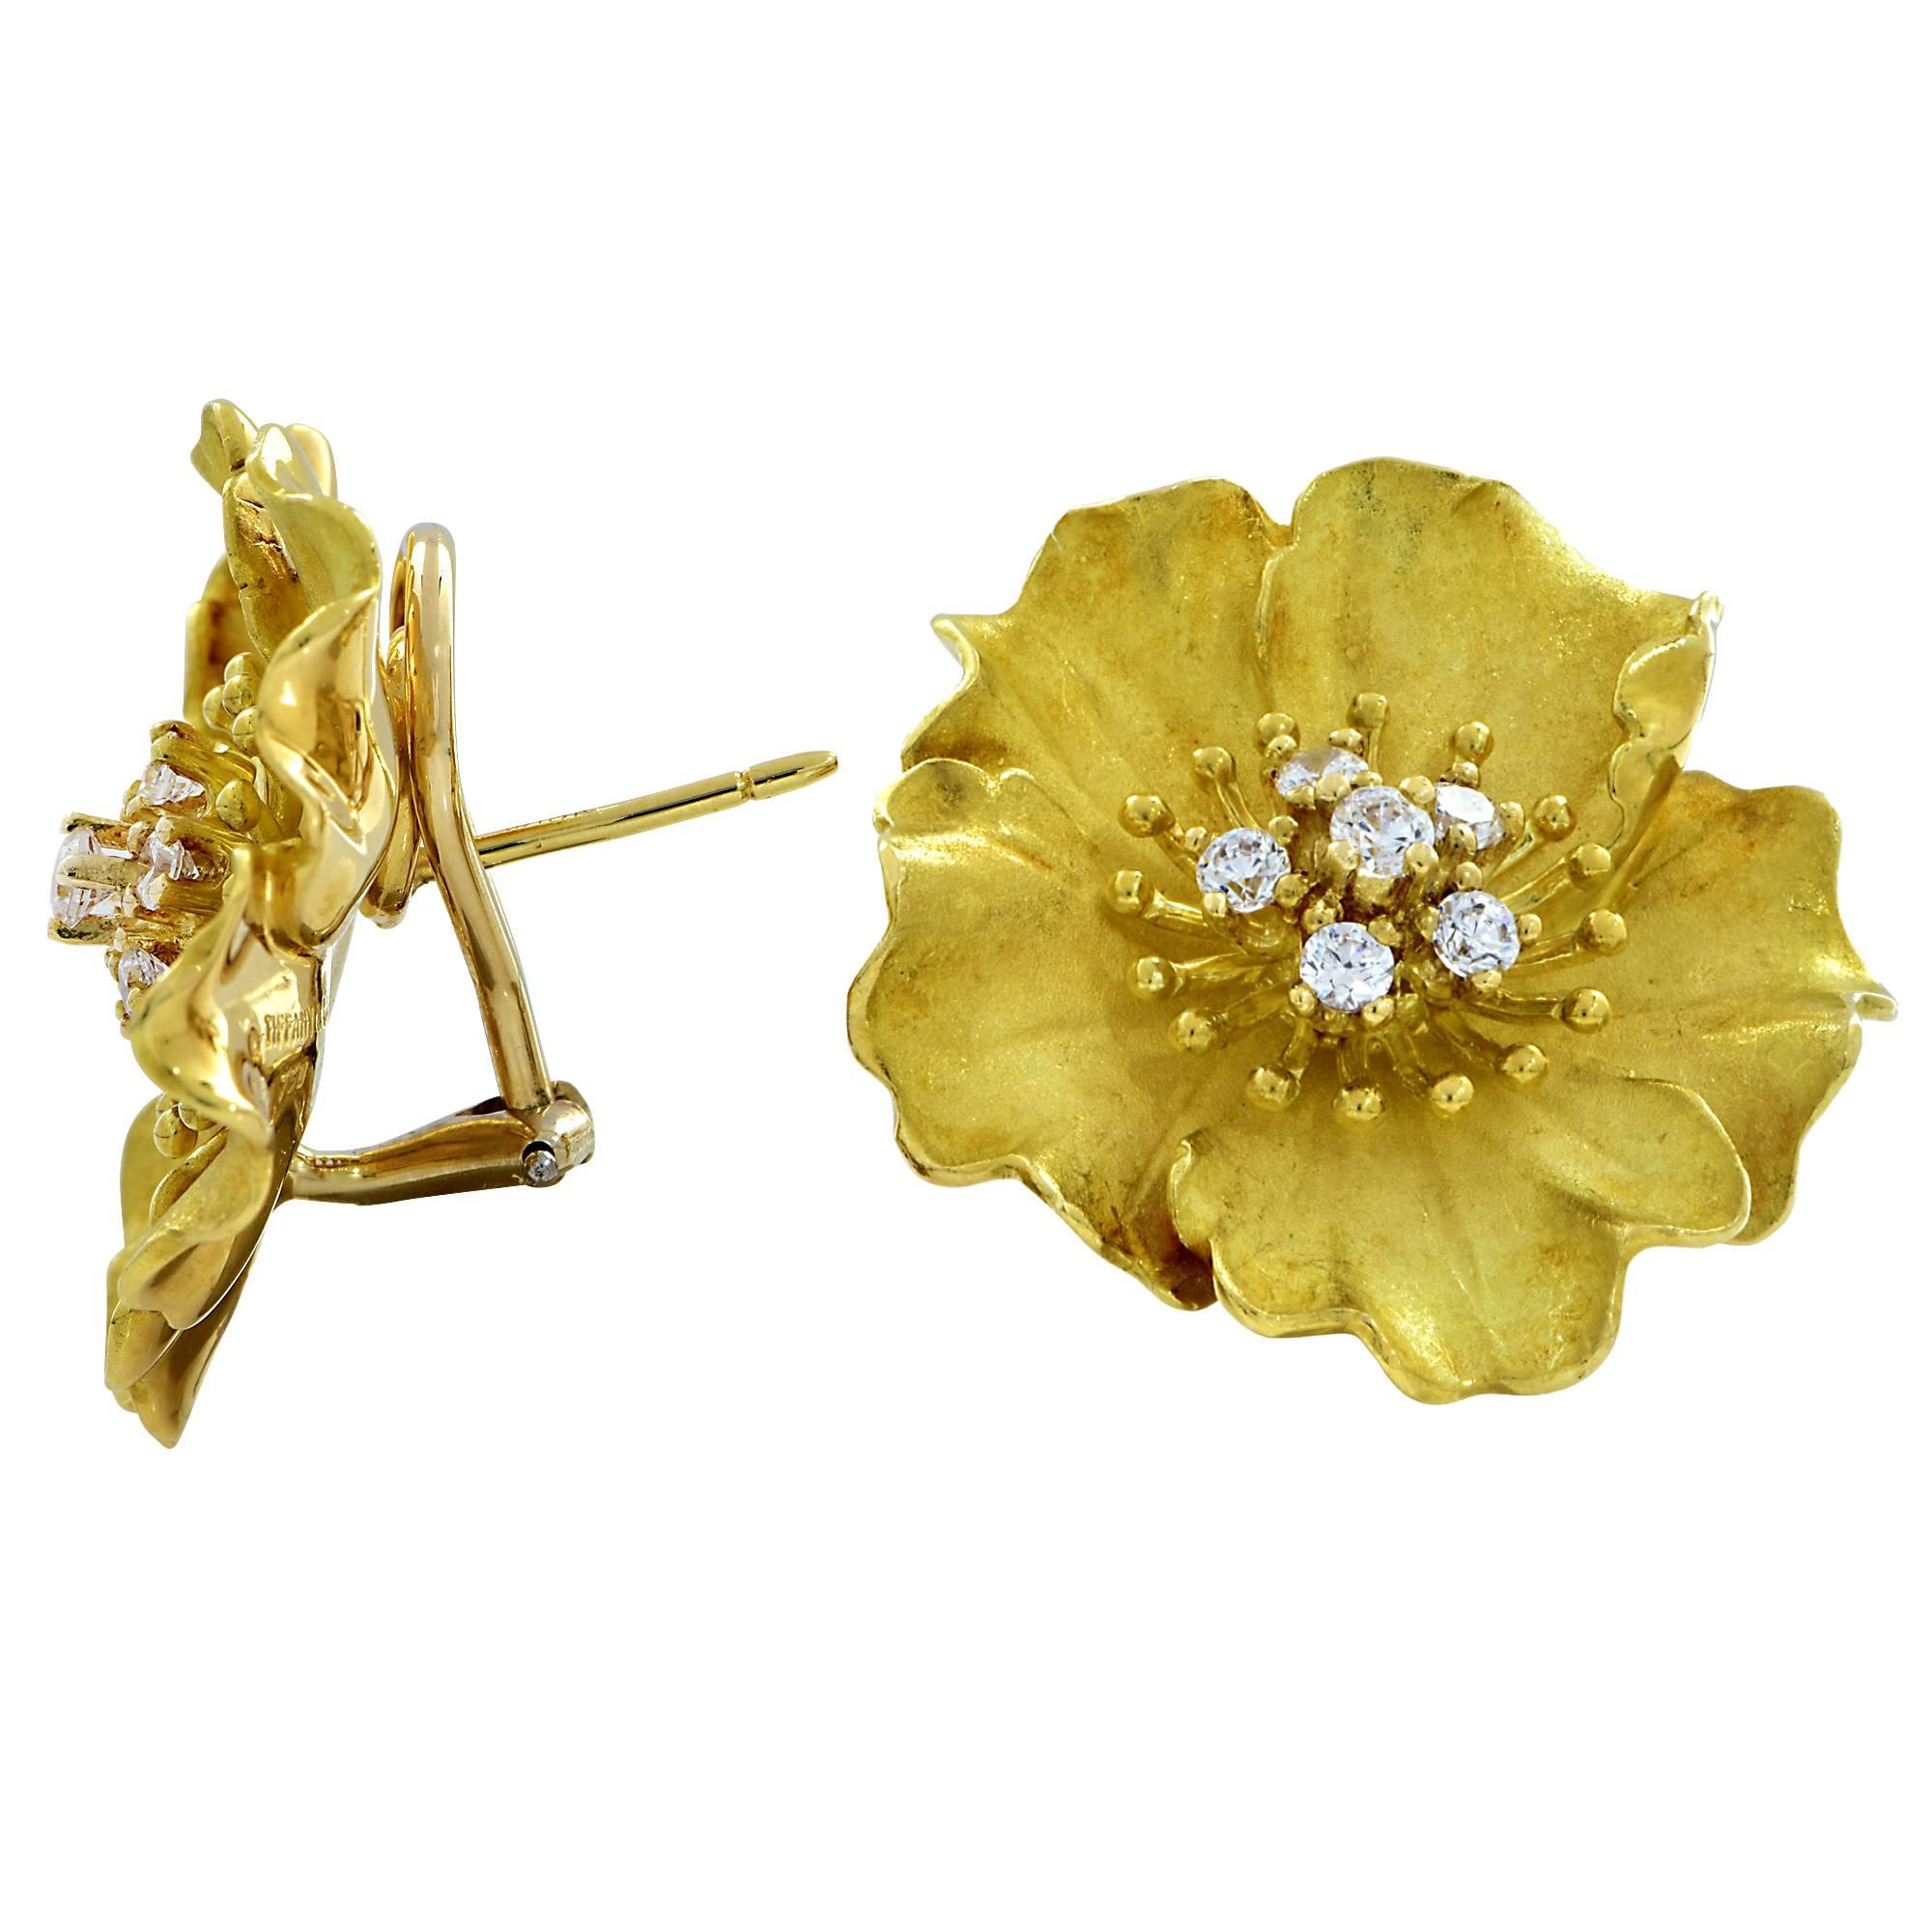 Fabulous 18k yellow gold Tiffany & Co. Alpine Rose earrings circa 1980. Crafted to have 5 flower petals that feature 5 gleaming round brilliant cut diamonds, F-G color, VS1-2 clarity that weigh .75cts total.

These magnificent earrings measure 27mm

...

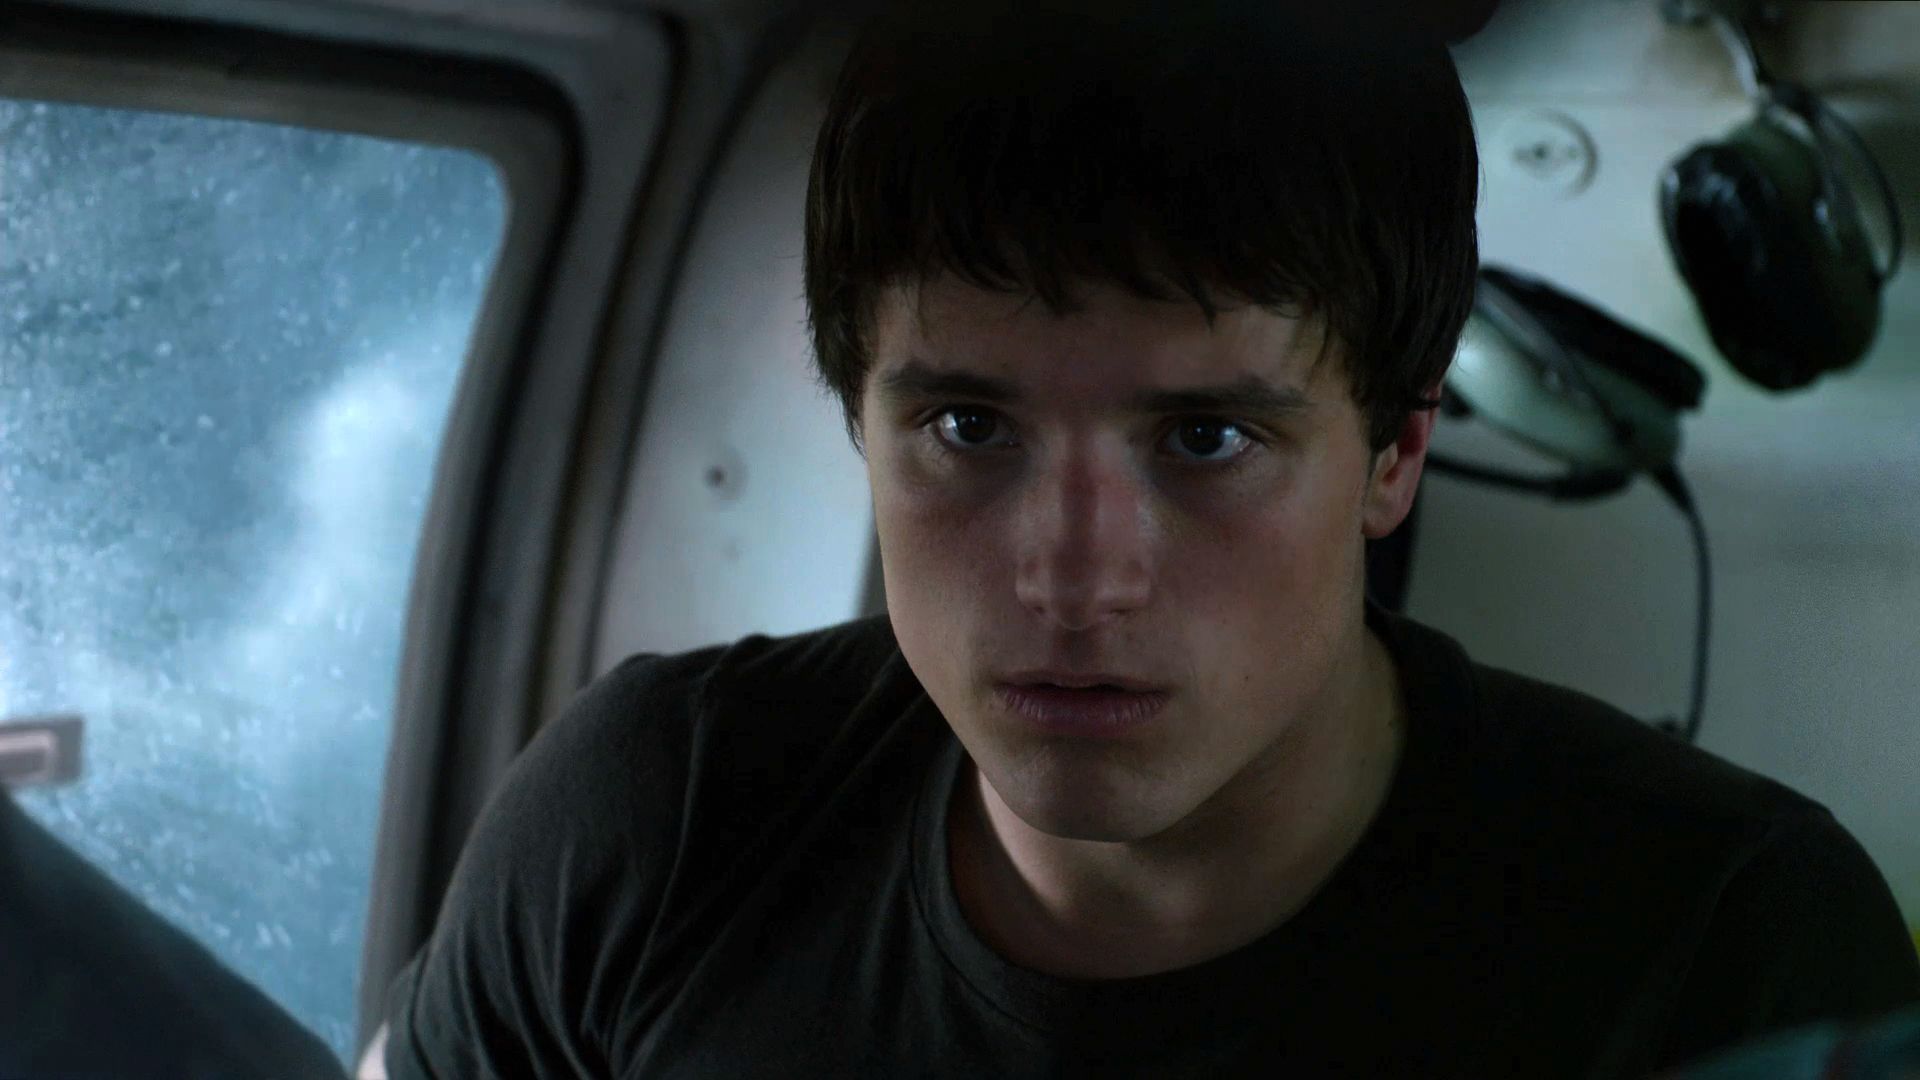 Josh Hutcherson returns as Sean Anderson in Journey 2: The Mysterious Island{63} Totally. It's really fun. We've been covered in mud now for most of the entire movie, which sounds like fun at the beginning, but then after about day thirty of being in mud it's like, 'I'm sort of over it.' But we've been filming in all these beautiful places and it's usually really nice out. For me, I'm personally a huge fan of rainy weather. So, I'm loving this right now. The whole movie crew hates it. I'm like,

---

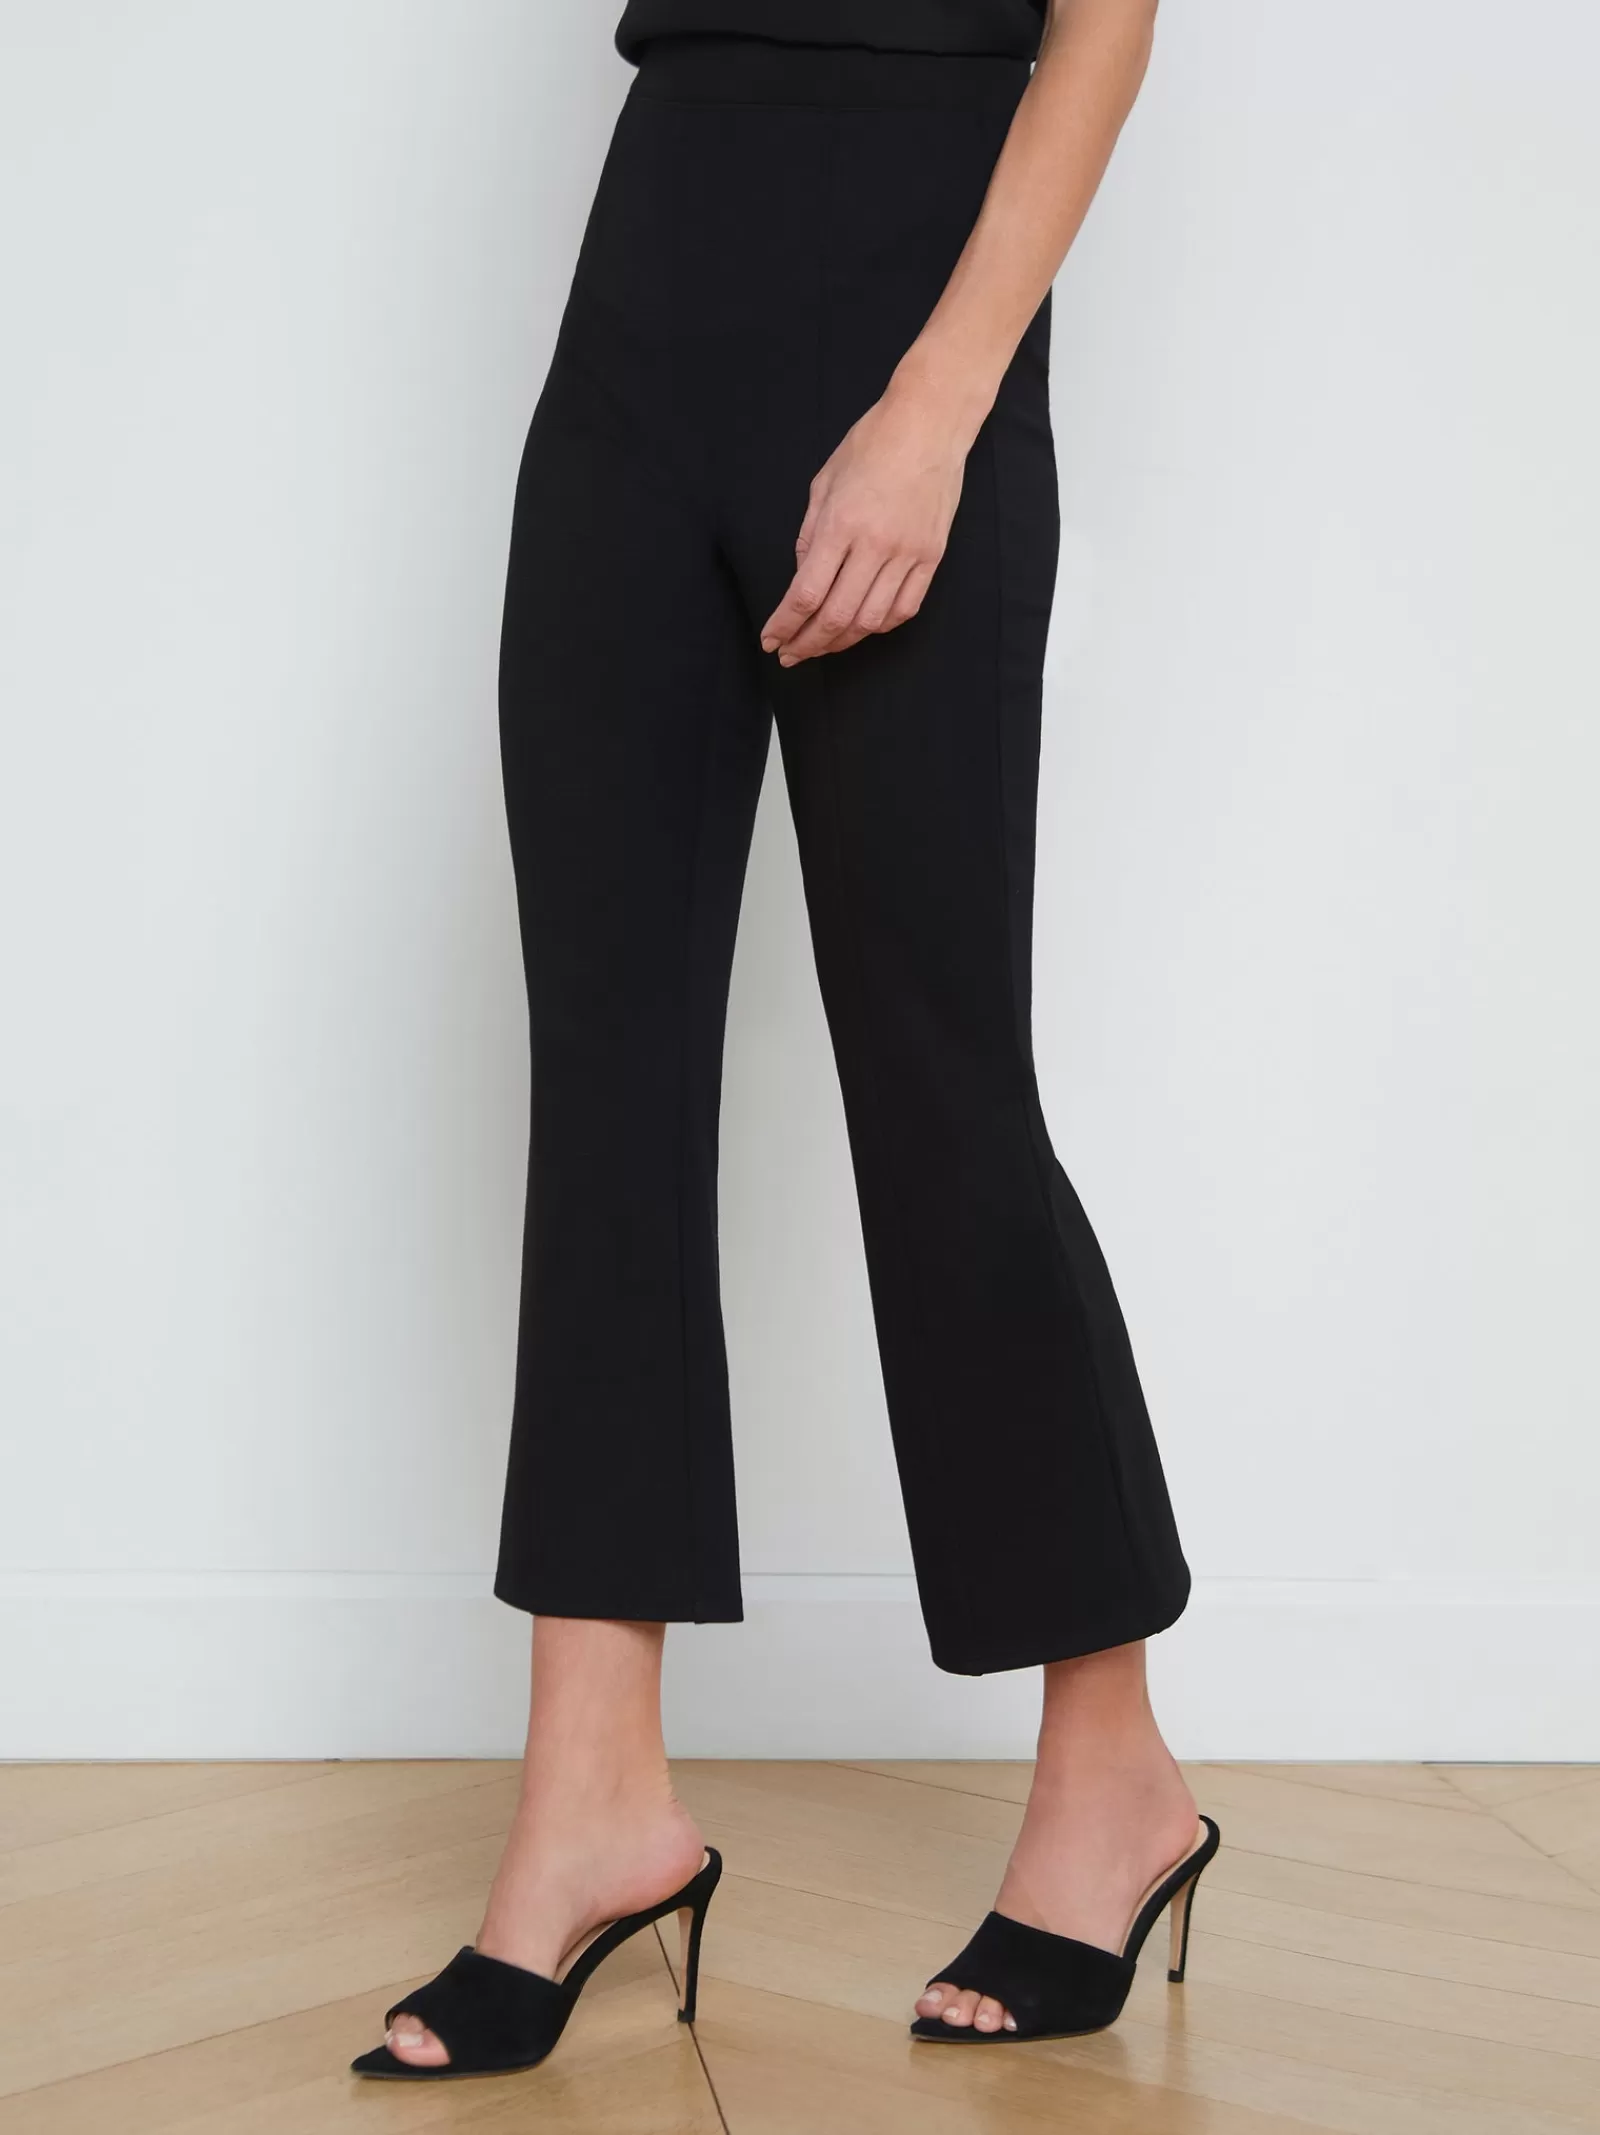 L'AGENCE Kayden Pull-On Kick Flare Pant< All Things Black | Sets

* **EXERCISE BRIEF**
Each line above that falls between the line with "Fabulous 18k yellow" and the line with "These magnificent earrings measure 27mm" should be printed exactly, together with those two lines, but the pictures should not.

* **EXERCISE OUTPUT**
 Fabulous 18k yellow gold Tiffany & Co. Alpine Rose earrings circa 1980. Crafted to have 5 flower petals that feature 5 gleaming round brilliant cut diamonds, F-G color, VS1-2 clarity that weigh .75cts total.

These magnificent earrings measure 27mm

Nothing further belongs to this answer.